Tipicamente nos epitélios. A queratina também forma cabelos, pelos, unhas, cascos e garras. 
As penas das aves também são formadas por um tipo diferente de queratina. 
56. Quais os tipos de filamentos intermediários encontrados nas células do sistema 
nervoso (neurônios, células gliais e neurônios periféricos)? 
Nos neurônios, os neurofilamentos; nas células da glia, a proteína acídica glial; e nos neurônios 
periféricos, a periferina. 
57. Como os filamentos intermediários podem ser úteis no diagnóstico do câncer? 
Identificando-se os filamentos intermediários presentes nas células tumorais é possível 
descobrir a origem primária do câncer e optar por um melhor tratamento. 
58. De que tipos celulares são característicos os filamentos de vimentina e desmina, 
respectivamente? 
Vimentina, das células de origem mesenquimal: tecidos conjuntivos de modo geral e endotélio 
dos vasos. Desmina, nas células musculares. 

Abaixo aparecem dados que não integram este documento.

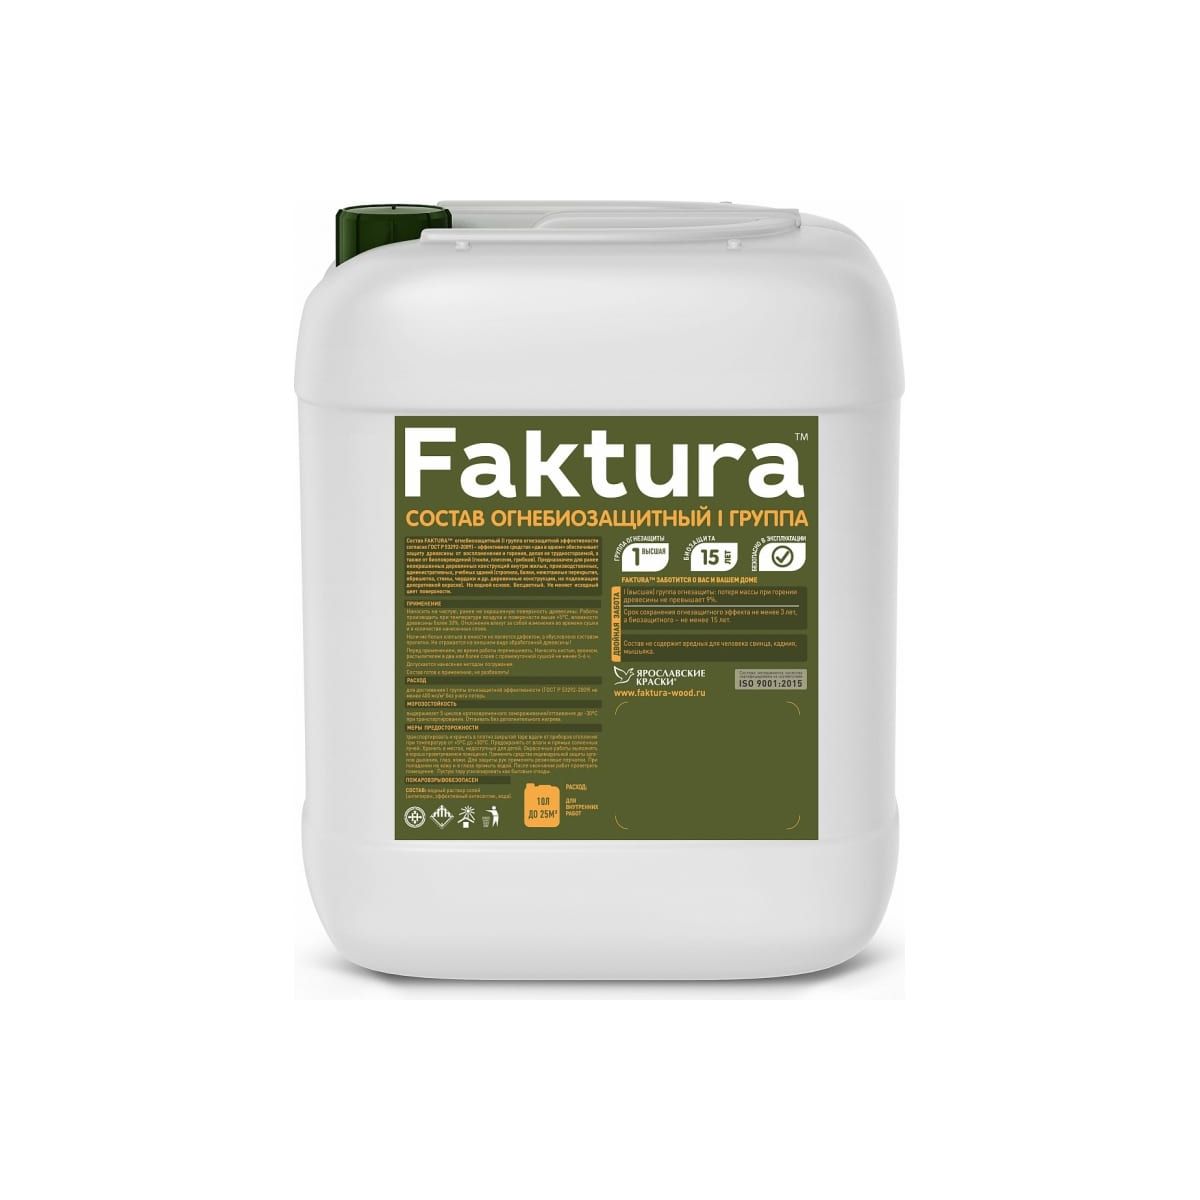 Состав огнебиозащитный Faktura I группа, бесцветный, 10 л биозащитный состав для древесины faktura

59. Qual a doença associada ao aumento excessivo de neurofilamentos? 
A esclerose amiotrófica lateral, onde o acúmulo de neurofilamentos no axônio dificulta o 
transporte do estímulo nervoso. 
60. Por que as lâminas nucleares devem se despolimerizar durante a divisão mitótica? O 
que ocorre durante a divisão nas células que não possuem lâminas? 
Para que o envoltório nuclear se desagregue. Nas células sem lâmina nuclear a mitose é dita 
fechada, isto é, ocorre sem que o envoltório se desfaça. 
61. Com os conhecimentos adquiridos nesta aula, comente a frase: “do pó vieste e ao pó 
retornarás”. 
Grande parte da poeira que se acumula numa casa resulta da descamação de células 
epiteliais, das quais resta principalmente a queratina. Também nas sepulturas, os restos 
mortais se resumem a ossos, dentes e estruturas formadas por queratina. Quer dizer, podemos 
não vir do pó, mas certamente ao pó retornaremos... 
 
AULA 18 – MICROTÚBULOS 
62. O que é um protofilamento? Quantos protofilamentos formam um microtúbulos? 
São filamentos formados pela ligação linear de dímeros de α e β- tubulina. Treze 
protofilamentos dispostos em paralelo se fecham, formando um túbulo oco: o microtúbulo.